• What to do:
Scan the entries below for the word "Black" and copy every line where it turns up.
##### Data #####
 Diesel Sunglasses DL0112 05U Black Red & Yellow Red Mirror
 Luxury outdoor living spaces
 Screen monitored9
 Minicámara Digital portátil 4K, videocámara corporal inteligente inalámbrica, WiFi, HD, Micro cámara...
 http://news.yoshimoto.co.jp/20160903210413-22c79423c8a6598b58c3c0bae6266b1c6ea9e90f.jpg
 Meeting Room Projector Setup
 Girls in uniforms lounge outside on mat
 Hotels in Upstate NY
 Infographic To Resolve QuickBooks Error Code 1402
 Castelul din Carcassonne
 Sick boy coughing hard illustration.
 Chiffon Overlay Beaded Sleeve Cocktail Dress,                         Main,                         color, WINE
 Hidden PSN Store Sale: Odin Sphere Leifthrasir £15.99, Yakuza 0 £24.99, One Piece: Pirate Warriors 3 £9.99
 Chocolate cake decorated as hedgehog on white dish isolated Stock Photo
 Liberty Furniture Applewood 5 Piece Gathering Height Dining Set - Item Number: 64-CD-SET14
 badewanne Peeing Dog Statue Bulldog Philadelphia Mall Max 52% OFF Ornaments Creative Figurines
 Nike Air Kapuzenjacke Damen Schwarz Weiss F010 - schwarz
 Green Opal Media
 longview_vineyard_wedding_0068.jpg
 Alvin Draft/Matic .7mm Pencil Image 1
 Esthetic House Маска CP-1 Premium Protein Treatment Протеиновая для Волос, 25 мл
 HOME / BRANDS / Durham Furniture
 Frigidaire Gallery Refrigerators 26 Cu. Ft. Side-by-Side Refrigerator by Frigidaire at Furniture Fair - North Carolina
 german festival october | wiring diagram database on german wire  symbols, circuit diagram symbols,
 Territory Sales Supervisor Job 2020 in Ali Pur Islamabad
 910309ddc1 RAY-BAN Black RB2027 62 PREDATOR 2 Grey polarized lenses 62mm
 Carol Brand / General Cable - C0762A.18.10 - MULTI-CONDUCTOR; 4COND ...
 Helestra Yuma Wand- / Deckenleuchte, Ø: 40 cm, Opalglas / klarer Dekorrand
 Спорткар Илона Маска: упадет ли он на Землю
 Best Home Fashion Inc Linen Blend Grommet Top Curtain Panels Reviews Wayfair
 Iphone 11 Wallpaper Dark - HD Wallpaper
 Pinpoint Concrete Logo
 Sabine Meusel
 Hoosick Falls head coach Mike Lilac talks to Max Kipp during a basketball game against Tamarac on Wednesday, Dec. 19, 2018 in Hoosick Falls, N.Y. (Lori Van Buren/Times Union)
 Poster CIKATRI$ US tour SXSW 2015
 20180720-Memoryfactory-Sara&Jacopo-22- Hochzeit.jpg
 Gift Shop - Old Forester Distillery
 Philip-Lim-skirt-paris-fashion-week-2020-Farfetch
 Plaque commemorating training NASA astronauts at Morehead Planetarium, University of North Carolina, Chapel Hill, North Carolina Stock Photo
#####
• Your response:
 Diesel Sunglasses DL0112 05U Black Red & Yellow Red Mirror
 910309ddc1 RAY-BAN Black RB2027 62 PREDATOR 2 Grey polarized lenses 62mm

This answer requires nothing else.